While this is greater than the threshold I gave a few weeks ago, where there would be no cherry picked starting point that would give a negative slope to the present, there were sufficient adjustments on the cool side to prevent that from happening.
In the coming days there will be some adjustments to the data before the latest 13 months that Roy Spencer gives on his post, but for now there is one and only one month which, if chosen as the starting point, gives a negative linear slope to January 2016: December 1997 (18.1 years ago), for which the slope is
-0.000002°C/decade
and the R2 is a whopping 4.0e-11.UAH made more adjustments to their version 6.0beta4. It's a good example of the complexity of their model, and of the open parameters they have to play with. Roy Spencer writes:
We determined this is most likely due to a residual mismatch between the MSU channel 2 weighting function altitude on the early satellites versus the AMSU channel 5 weighting function altitude on the later satellites.
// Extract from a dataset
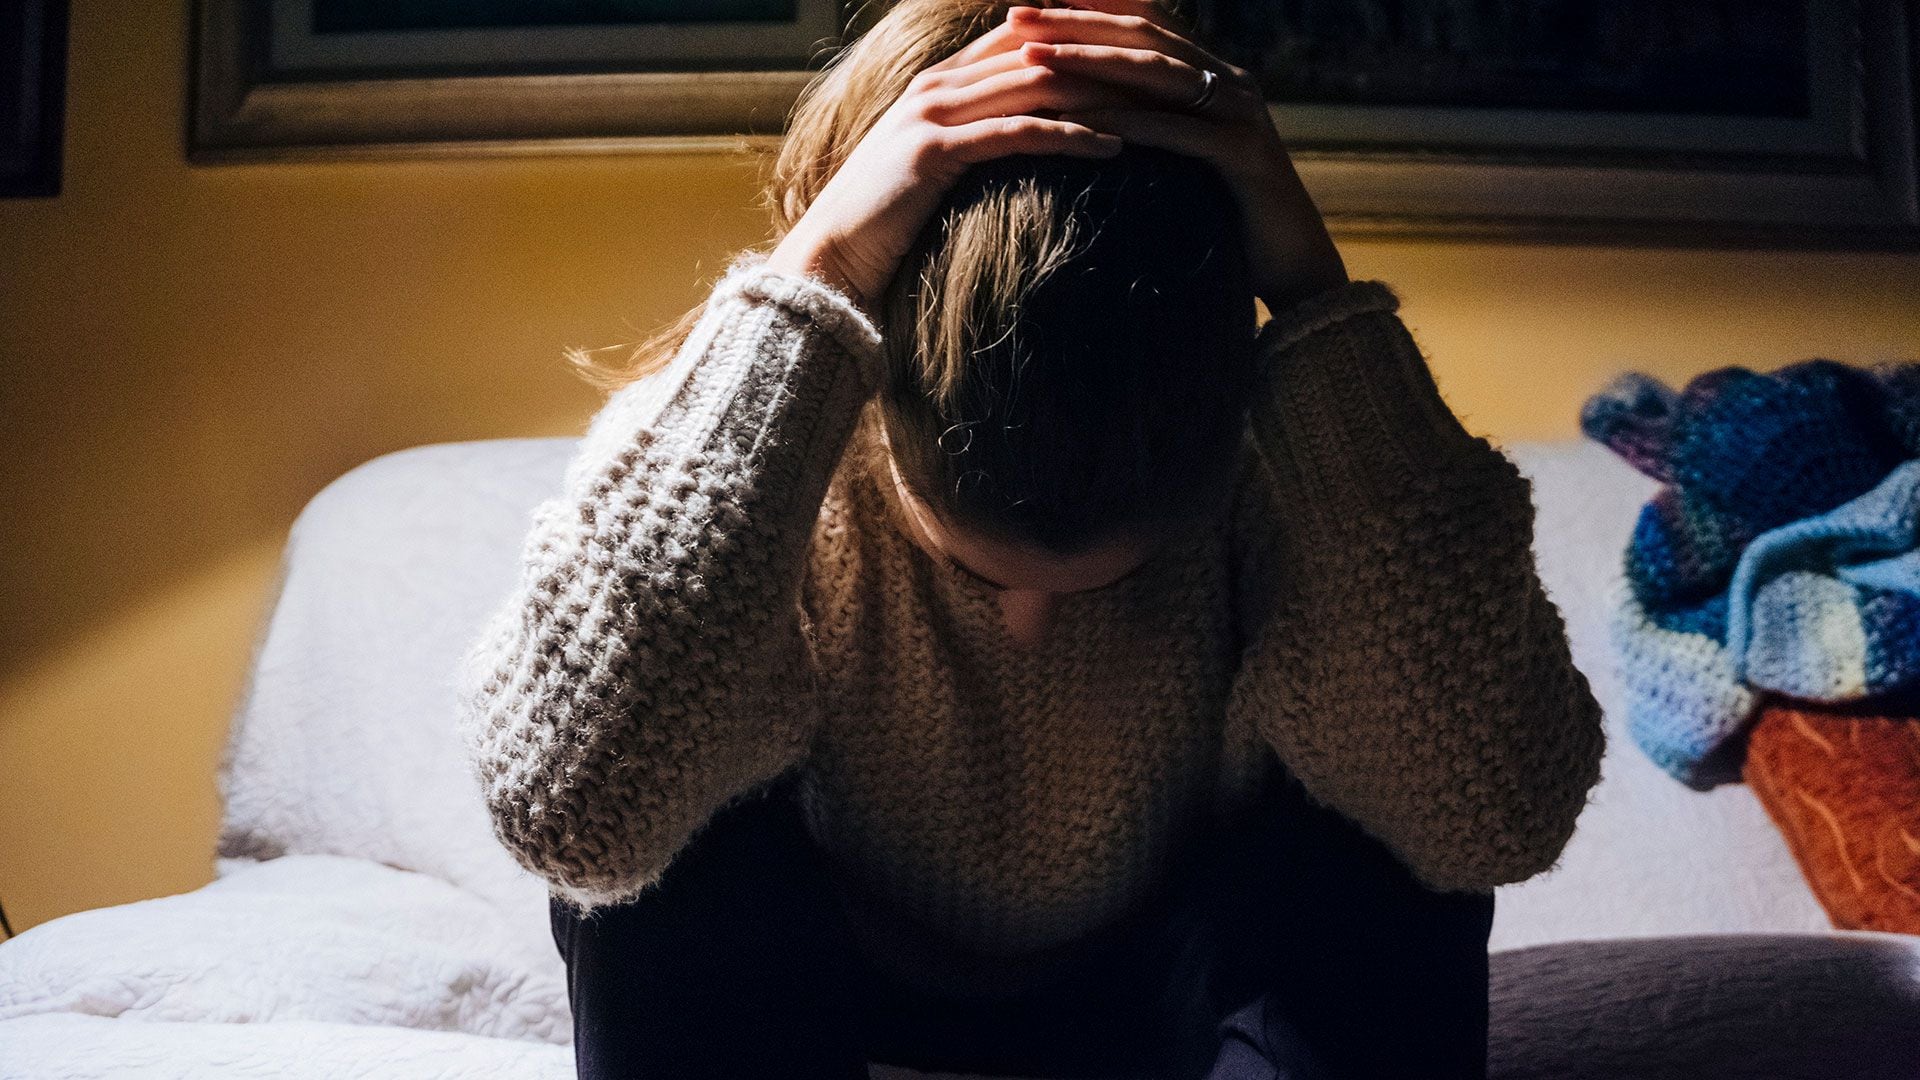 Las consecuencias de la violencia sexual incluyen problemas emocionales, psicológicos y riesgos de enfermedades (Getty Images)

We already knew AMSU5 peaks lower than MSU2, and had chosen Earth incidence angles in each to get a match based upon theory. But apparently the theory has some error, which we find equates to about 150 meters in altitude. This was enough to cause the issues we see….land too warm at low elevations, too cold for elevated ice surfaces.
We therefore changed the AMSU5 reference Earth incidence angle (from 35.0 to 38.3 deg.) so that the trends over Greenland and the Himalayas were in much better agreement with the surrounding areas. We also find that the resulting LT trends over the U.S. and Australia are in better agreement with other sources of data.
The net result is to generally cool the land trends and warm the ocean trends. The global trends have almost no change from beta4; the change mostly affects how the average trend in 2.5 deg. latitude bands is ‘apportioned’ between land and ocean.